The input:
"""

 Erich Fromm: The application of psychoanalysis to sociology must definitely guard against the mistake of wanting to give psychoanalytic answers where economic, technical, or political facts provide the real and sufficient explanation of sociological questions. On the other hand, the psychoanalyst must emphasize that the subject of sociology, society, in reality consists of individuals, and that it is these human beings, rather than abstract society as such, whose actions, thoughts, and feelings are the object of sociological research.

"""
"""

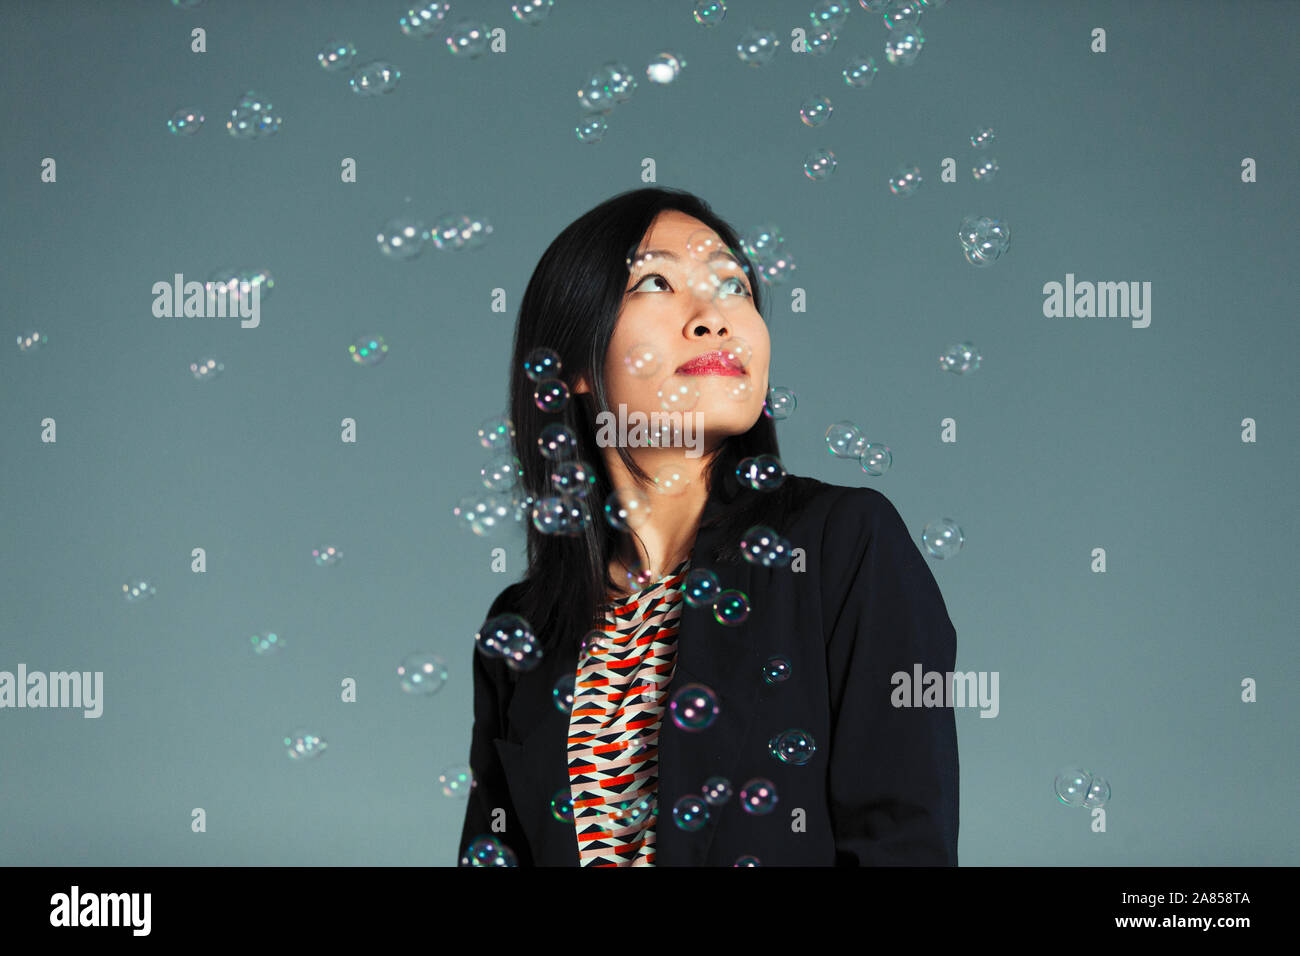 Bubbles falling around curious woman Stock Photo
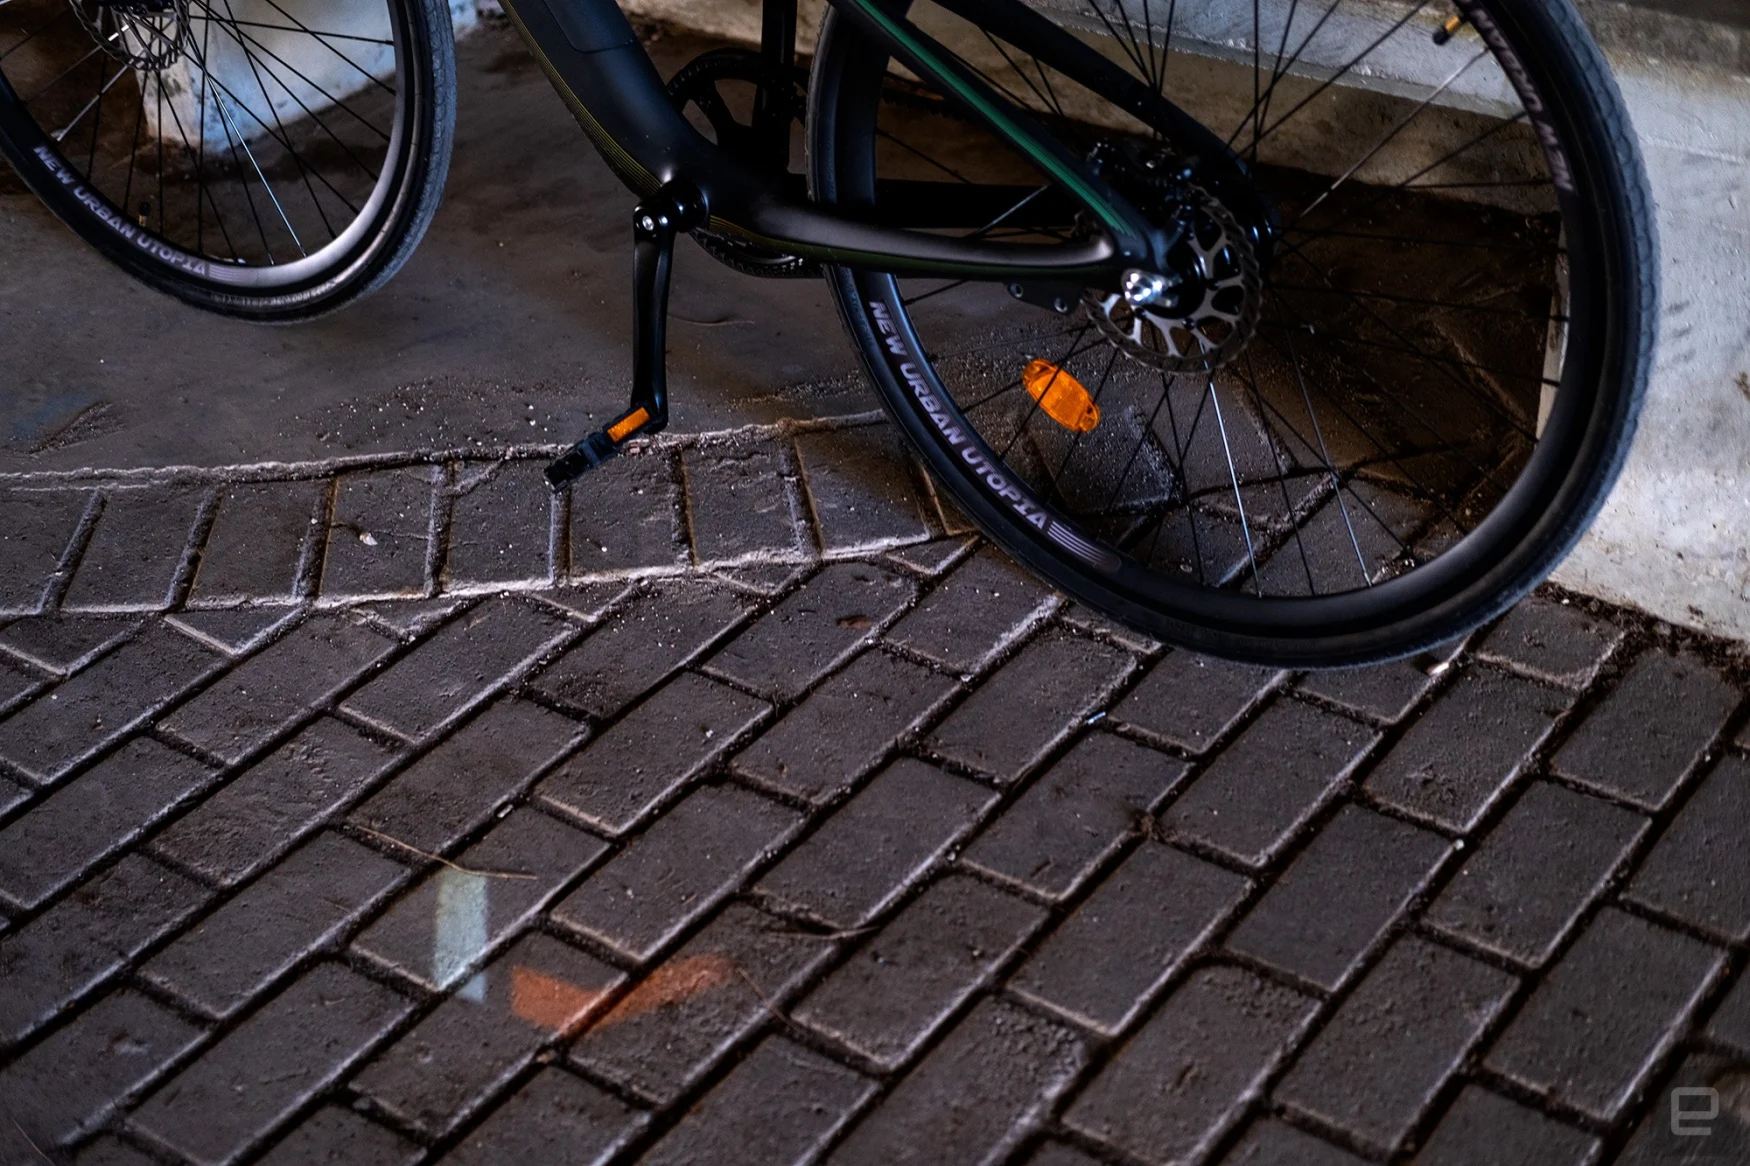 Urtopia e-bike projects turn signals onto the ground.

"""
"""

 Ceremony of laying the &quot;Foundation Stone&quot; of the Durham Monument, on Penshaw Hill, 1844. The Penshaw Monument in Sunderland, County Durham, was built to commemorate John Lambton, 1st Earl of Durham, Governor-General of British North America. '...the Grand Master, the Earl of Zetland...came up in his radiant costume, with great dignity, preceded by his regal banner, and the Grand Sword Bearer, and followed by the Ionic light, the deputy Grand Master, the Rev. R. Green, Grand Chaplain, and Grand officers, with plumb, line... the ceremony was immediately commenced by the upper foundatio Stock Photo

"""

Repeat, without pictures, exactly the lines of the data above from the one containing "Bubbles falling around" through the one containing "Urtopia e-bike projects", including both and adding nothing.

 Bubbles falling around curious woman Stock Photo
 Urtopia e-bike projects turn signals onto the ground.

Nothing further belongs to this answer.